German Chancellor Angela Merkel said on Tuesday that her government had decided not to make vaccines mandatory, adding that she believed many more people wanted to get vaccinated. She said it is up to the authorities to make both information and vaccines more accessible.
She stressed that the country’s Covid restrictions would not be lifted until more people get their injections.
New restrictions across Europe
The moves by France and Greece come as both countries – and indeed most of Europe – are seeing a sharp increase in cases of the coronavirus caused by the Delta variant. The species, first identified in India earlier this year, is more transmissible and has spread around the world in recent months.
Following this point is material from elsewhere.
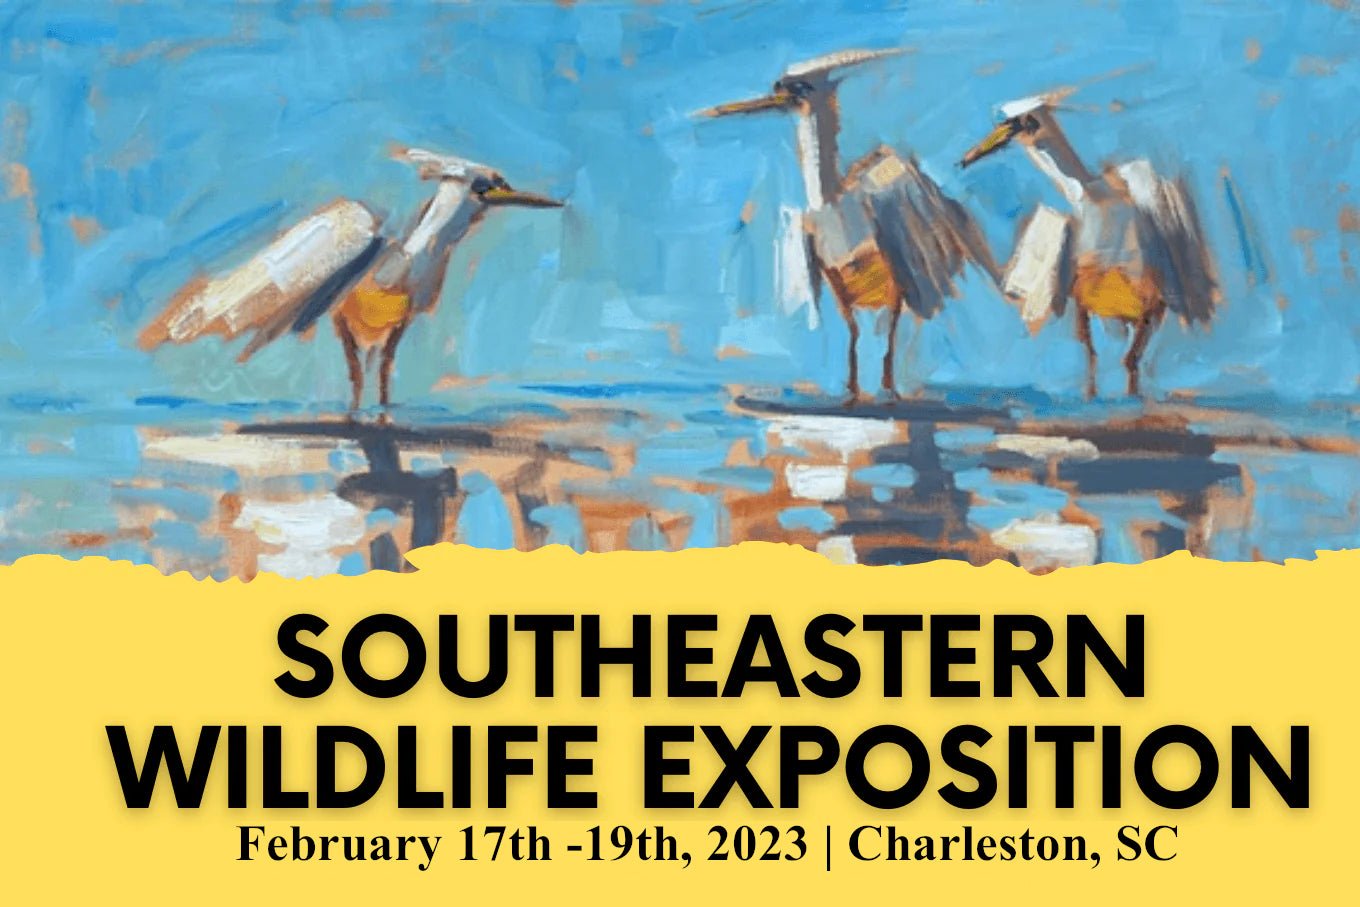 Southeastern Wildlife Exposition LePrince Charleston Art Galleries on

There are also concerns, based on statements from the Israeli government, that existing Covid-19 vaccines may be slightly less effective in preventing all infections caused by the Delta variant, compared to previous strains. The shots appear to be highly effective in preventing hospitalizations and deaths.
The threat of the Delta variant has in recent days prompted several European governments to reintroduce restrictions.
The Netherlands restored curbs for nightclubs and restaurants on Friday after a spike in cases. Dutch Prime Minister Mark Rutte apologized for easing restrictions in late June, telling reporters on Monday that it had been an “error of judgment”.
Spain’s regions of Valencia and Catalonia have introduced new restrictions on social gatherings and hospitality, while Portugal has imposed a curfew in some high-risk areas and said it would require tourists to show a negative test or vaccination certificate to stay in. . hotels.
Even with most of Europe stepping on the emergency brake, the UK government remains adamant that it will drop nearly all remaining coronavirus restrictions in England next week.
Prime Minister Boris Jonson confirmed on Monday that the easing will take place despite a sharp increase in Covid cases; he admitted this would lead to “more hospitalizations and more deaths from Covid”.
He justified the move by pointing to the country’s high vaccination rate, adding that it would be better to open the economy now, with schools closed for the summer holidays and the weather good.
“If we were to postpone this fourth step now [in the reopening process] — say until September or later — then we would reopen when the weather gets colder and the virus gains a greater natural advantage and when schools are back,” he said at a news conference on Monday.
The decision to proceed comes despite sharp warnings from experts and medical professionals. The British Medical Association (BMA), the doctors’ union, called the government’s plan “irresponsible and life-threatening”.
“By lifting the remaining restrictions next week – when a significant proportion of the population is not fully vaccinated – this deadly virus will have a chance to re-tighten its grip; the number of infections is rising, the number of hospitalizations and people who are sick for a long time. -Covid, with the risk of new vaccine-resistant variants developing and unnecessarily endangering more lives,” Dr Chaand Nagpaul, chairman of the BMA Council, said in a statement.
The UK has fully vaccinated about half of the population, with two-thirds of adults now fully vaccinated and 87% having had at least one injection.
CNN’s Sarah Dean, Vasco Cotovio, Mick Krever, Sharon Braithwaite, Rob Iddiols and Chris Liakos in London, Nadine Schmidt in Berlin and Barbara Wojazer in Paris contributed to this report.